# Hello from Belize



## MichaBees (Sep 26, 2010)

Bien venido a este foro!
Welcome to this forum!


----------



## Jpoindexter (Oct 22, 2010)

Africanized bees? Wow... Maybe you should re-queen them.


----------



## hpm08161947 (May 16, 2009)

Those guys down there know how to work those Africanized bees.


----------



## BoilerJim (Apr 15, 2011)

Welcome Thom. 

African bees. WOW! I hope you have a nice bee suit, gloves, vail, etc... LOL


----------



## AmericasBeekeeper (Jan 24, 2010)

Welcome, beautiful country!


----------



## heaflaw (Feb 26, 2007)

Welcome,
I'd like to know how you handle them.


----------



## Specialkayme (Sep 4, 2005)

Welcome to the site!


----------



## greif (Nov 9, 2010)

I want to move there... hate wisconsin winters


----------



## Thom Moran (May 10, 2011)

Well I'm from Racine, Milwaukee, Nashotah, Wisconsin and came here via Chicago. The winters are much better here.


----------



## Thom Moran (May 10, 2011)

Yes, I want to do that. Any advice?


----------



## hpm08161947 (May 16, 2009)

Thom Moran said:


> Yes, I want to do that. Any advice?


Are you referring to requeening? I have heard it takes persistance in the case of Africanized bees. I suppose you would want to make sure your new queens were purchased somewhere you could be sure they were't mated to africanized drones.


----------



## Thom Moran (May 10, 2011)

Very carefully. Actually I'm learning and fortunately there's an organization here, Friends for Conservation & Development, where I'm on the BOD and we're financing 15 farmers in the VACA Reserve to become honey producers. They're getting a lot of training and are helping me also. The last 2 weeks the bees have been extremely agressive so we're finding our bee outifits have to improved to stay sting free. We also have a co-op that helps us.


----------



## GameOn (Jun 30, 2008)

Welcome.
I have vacationed in Belize several times.

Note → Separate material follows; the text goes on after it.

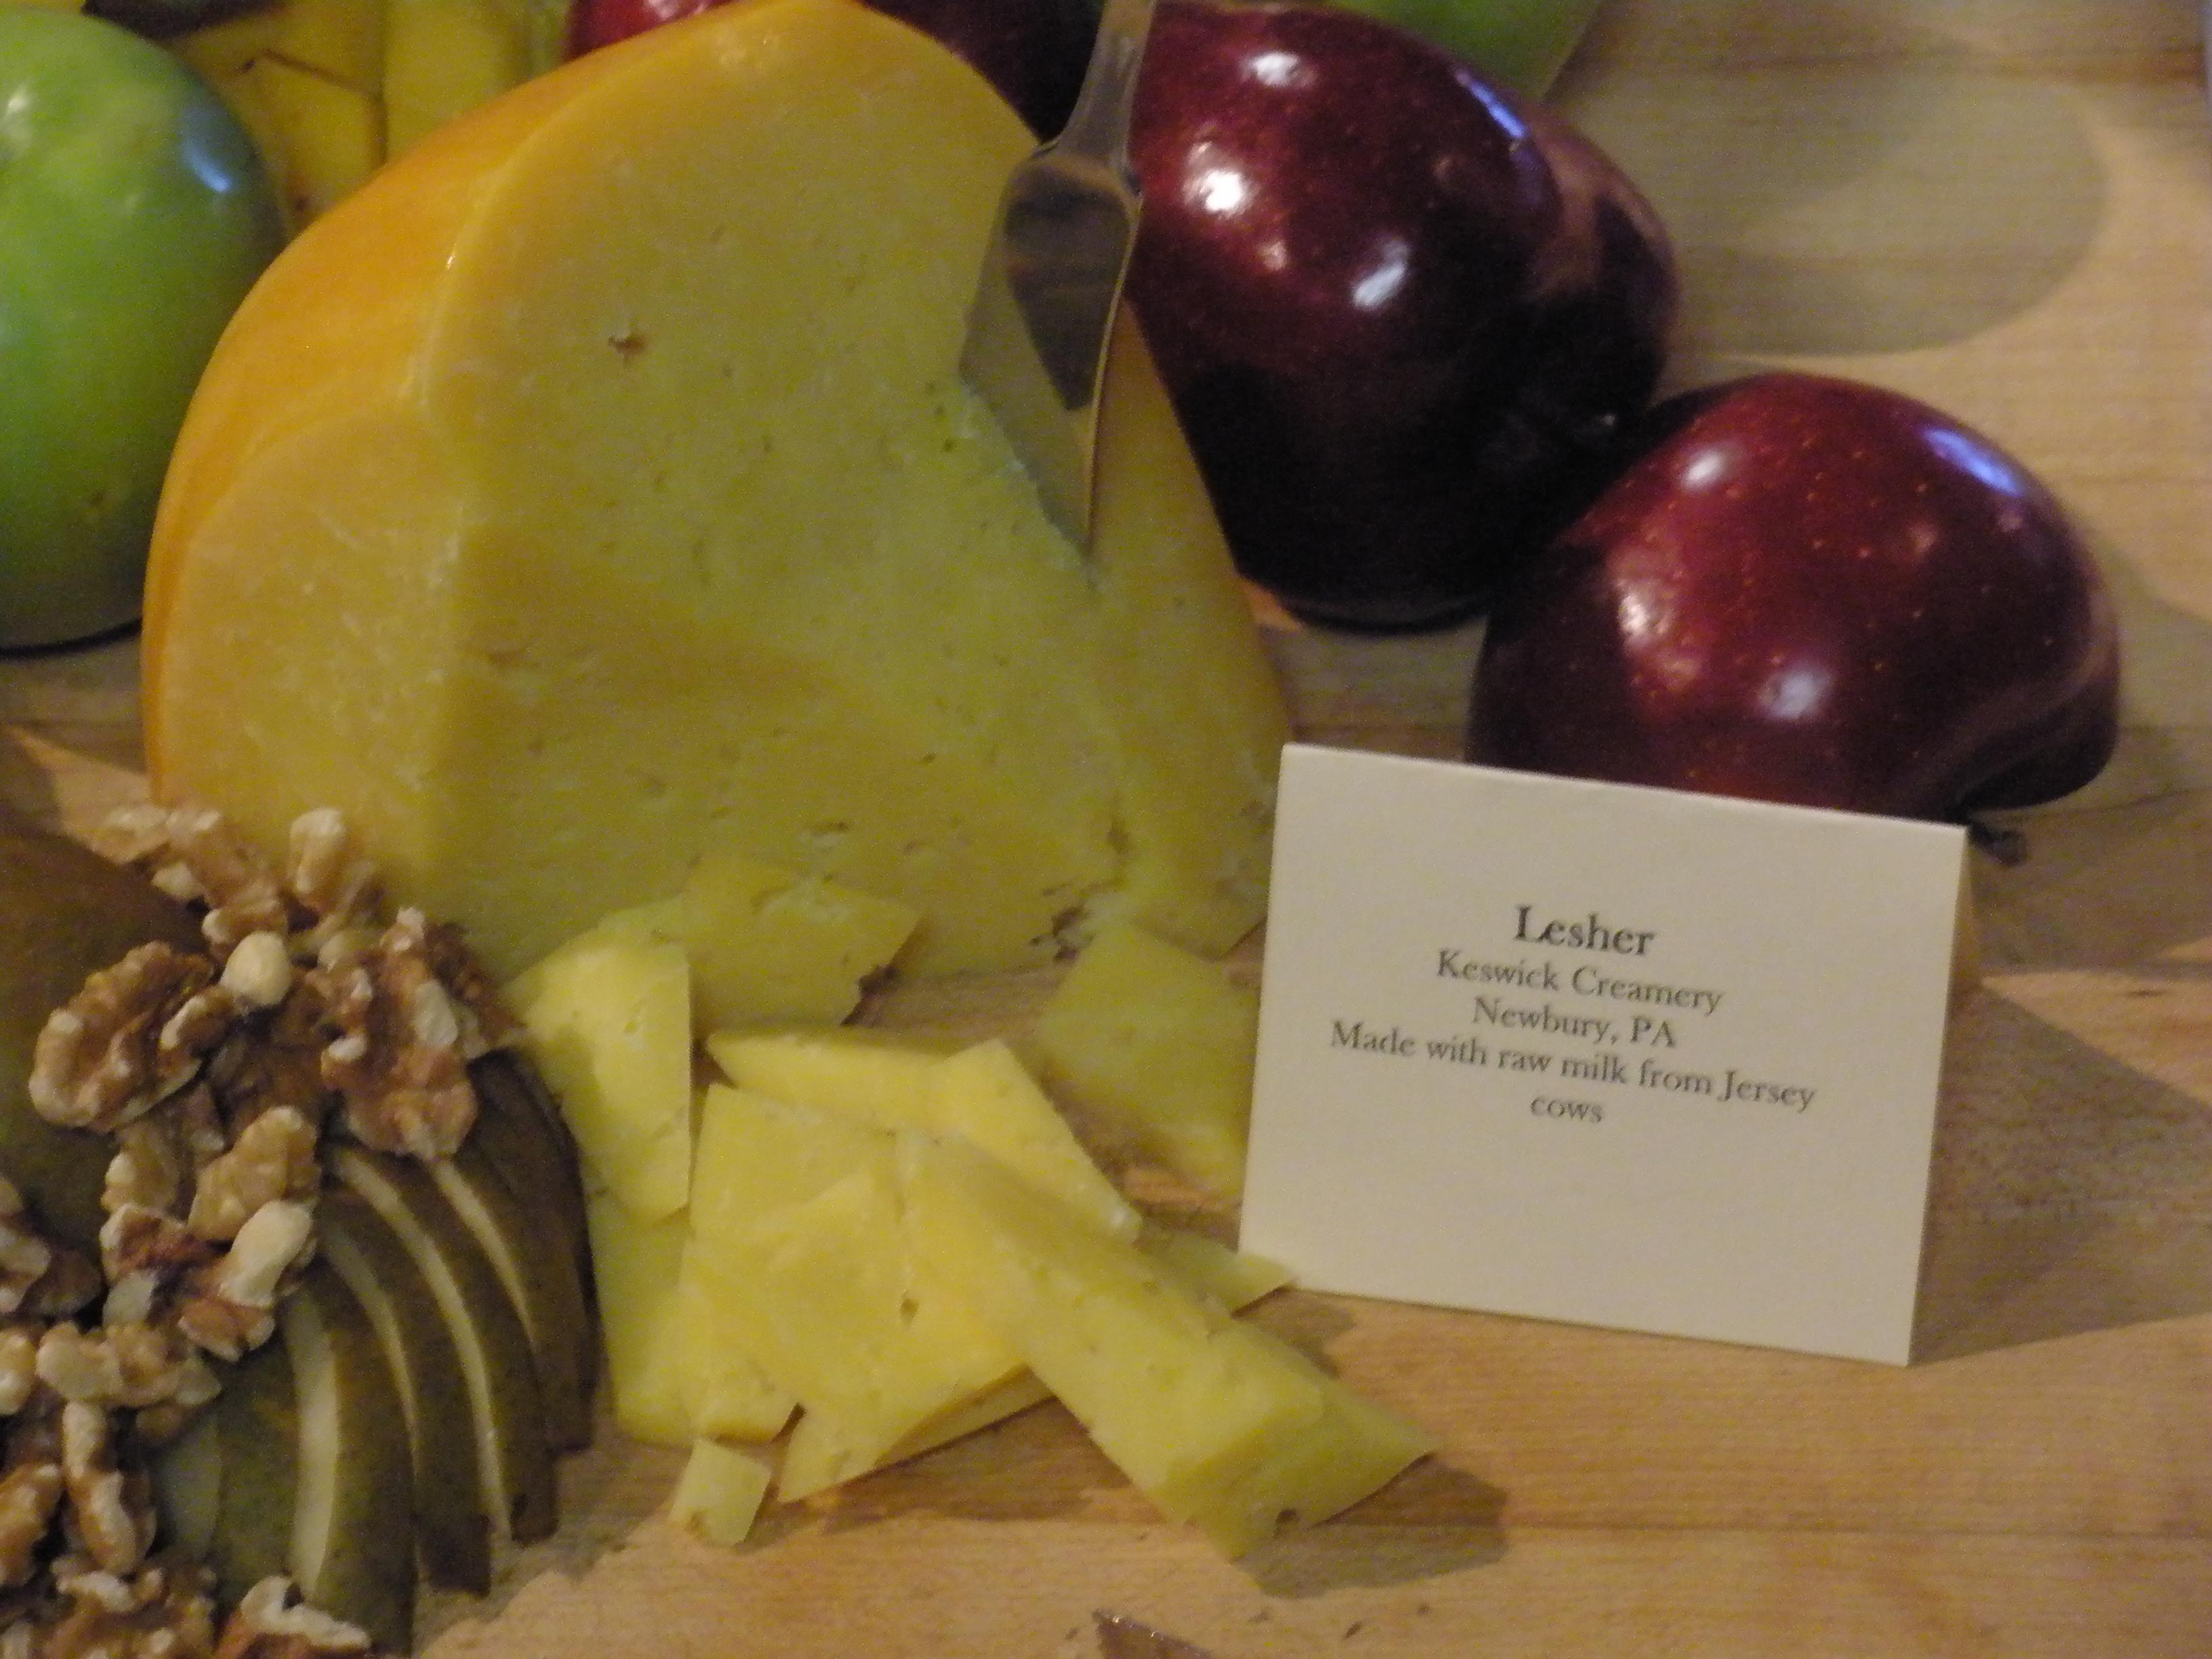 Lesher cheese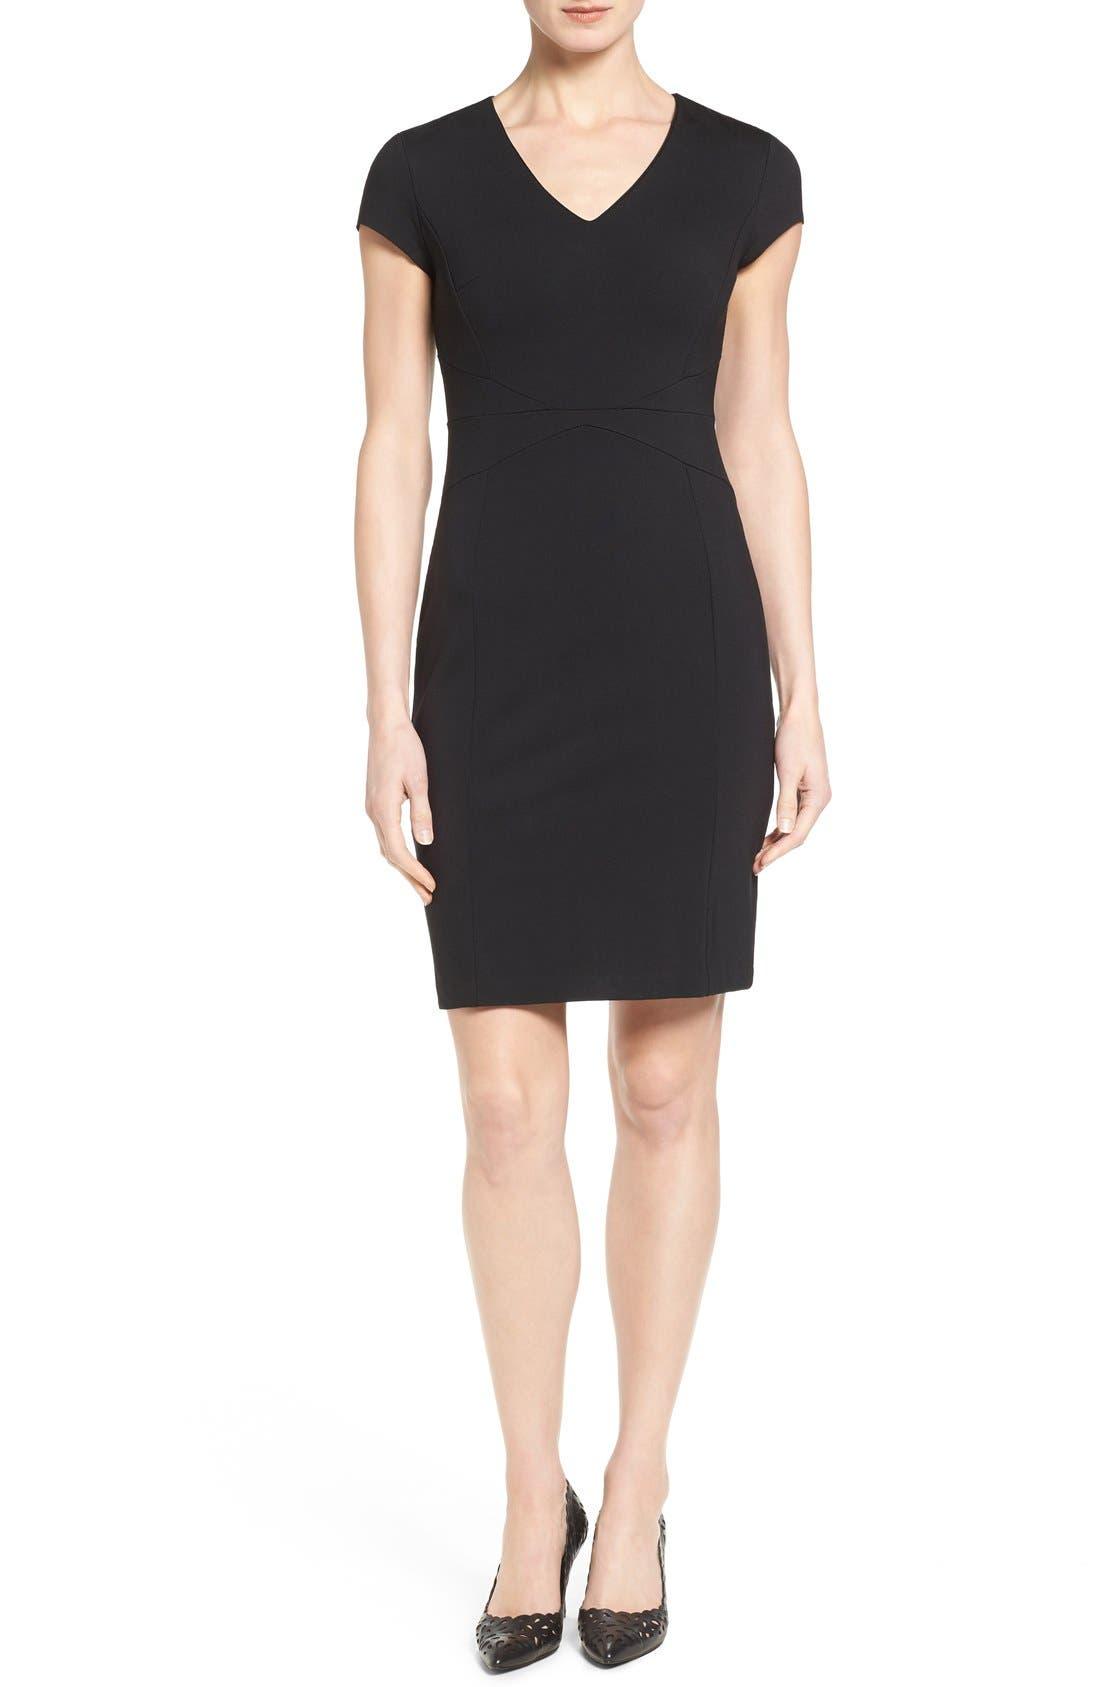 HALOGEN<SUP>®</SUP>, Seamed V-Neck Ponte Sheath Dress, Main thumbnail 1, color, 001

We stay at Cayo Espanto resort and enjoy the excellent fishing and the local culture. Also some of the best, freshest fruit I have ever eaten.


----------



## Thom Moran (May 10, 2011)

Sounds good. We live in Benque Viejo in the Cayo District. If you're ever in the area, look me up. I work at Galen University.

Thom


----------